This Autumn Harvest Bowl is warm, comforting and filled with healthy ingredients. The base is made with arugula and it’s topped with quinoa, sweet potatoes and goat cheese, along with a delicious maple-tahini dressing for tons of flavor! 

A bowl of food with Quinoa and Salad

Bowl food is the best food, and this autumn harvest bowl is perfect this time of year! One of the many reasons why I like bowls like this (and my vegan burrito bowl and my Mediterranean quinoa bowl) is because they’re quick and generally filled with healthy ingredients. This bowl in particular is topped with all of the best foods like sweet potato, apple, goat cheese, and the most delicious maple-tahini sauce.

I still remember the first time I tried tahini. Everyone was so obsessed with it, so I had high hopes that I would be too. To be honest, plain tahini doesn’t thrill me, but tahini mixed with other things IS SO GOOD. It’s a great nut-free dressing or sauce option, and pairs well with so many flavors (in this case, maple syrup!).

Why you’ll love this bowl

  • It’s loaded with vegetables like arugula and sweet potato, but has plenty of protein thanks to the quinoa and chickpeas
  • The maple tahini sauce is INSANELY good
  • It can be enjoyed warm or cold (yes really!)

A bowl filled with different types of food on a plate

Ingredients and substitutions

Arugula: The base of this bowl should be some sort of greens, and I chose arugula, but other options could be spinach or massaged kale.

Quinoa: The quinoa adds a bit of protein to this, but again, any grain works! Rice, farro, barley, etc. would all be delicious.
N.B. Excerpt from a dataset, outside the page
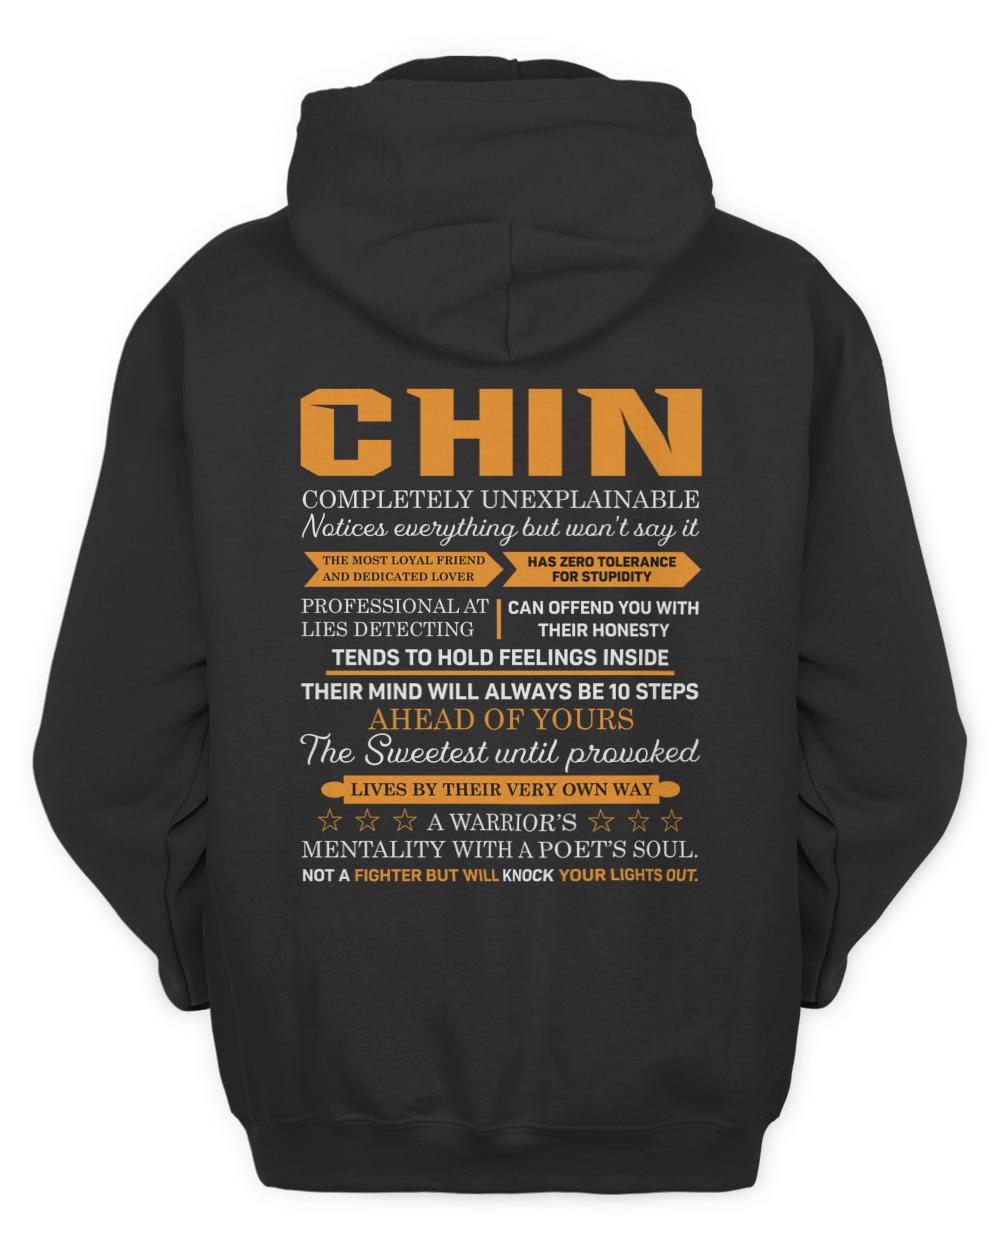 CHIN-H5-N1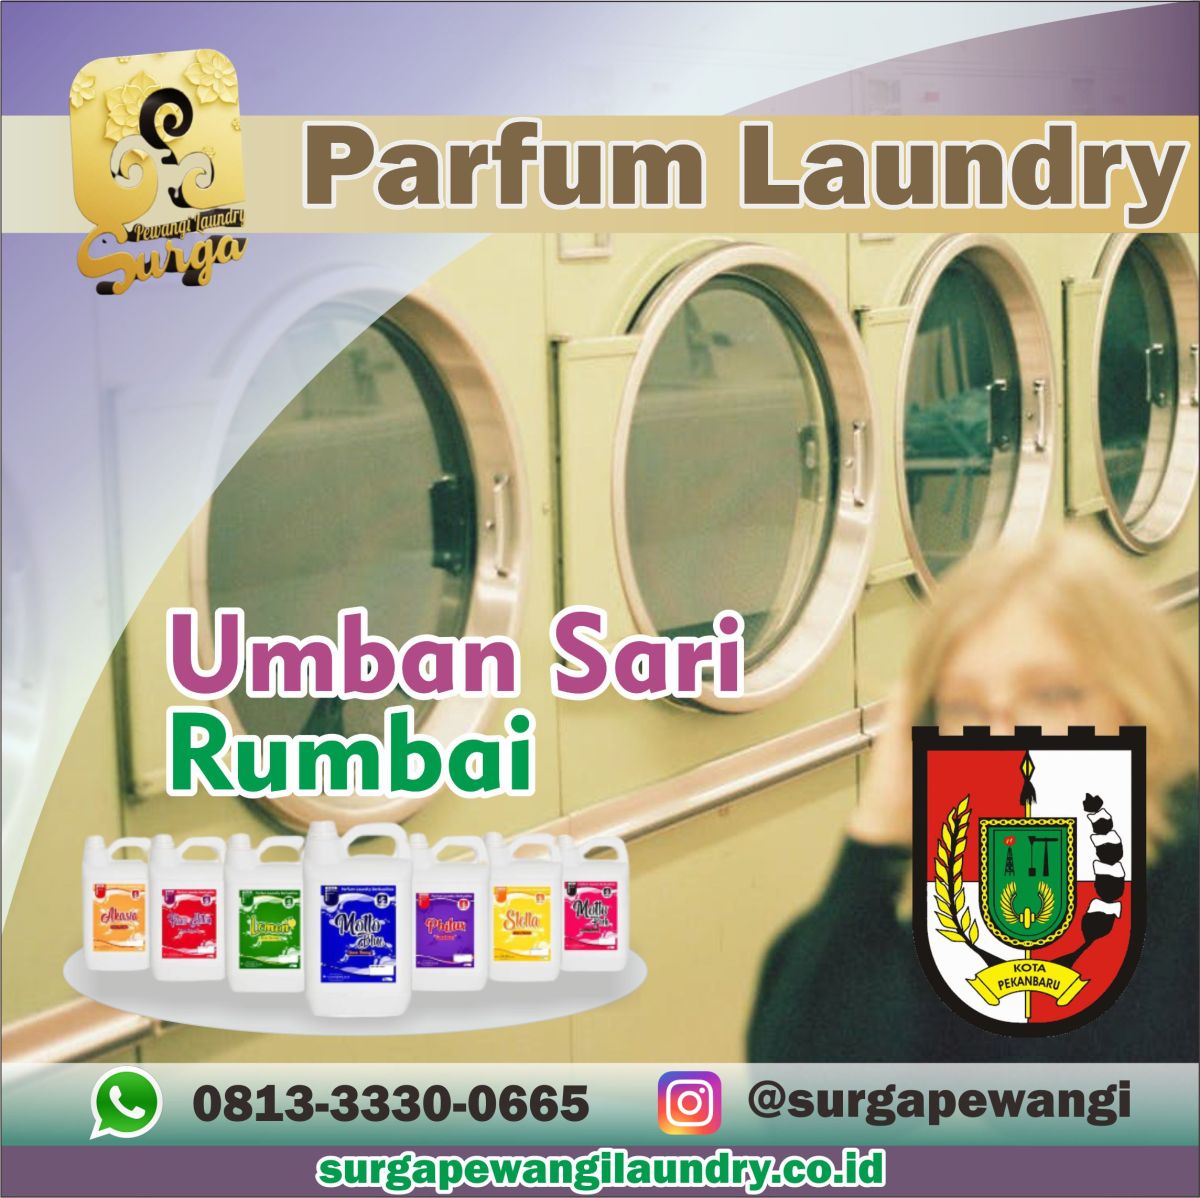 Parfum Laundry Umban Sari, Rumbai

Sweet potatoes: You could also used cubed and cooked butternut squash.

Cranberries: Who doesn’t love cranberries? They add a little bit of sweetness and scream “fall”, but you could also use raisins or chopped pitted dates.

Goat cheese: Or sub feta cheese

Step-by-step instructions

Step 1: Cook the quinoa and sweet potatoes. You can do this ahead of time if you want to make this even quicker.

Step 2: Add arugula. Place arugula in a bowl, then top it with the cooked quinoa. Then, add the remaining salad ingredients.

A bowl of arugula and quinoa

Step 3: Make the dressing. Whisk tahini and maple syrup together, then drizzle it over the salad.

Expert tips

Store the arugula, chickpeas, apple, cranberries, and goat cheese in the same dish.

Do NOT to slice the apple until you’re ready to eat it.

Keep the cooked quinoa and roasted sweet potato in the same container so you can heat them up together.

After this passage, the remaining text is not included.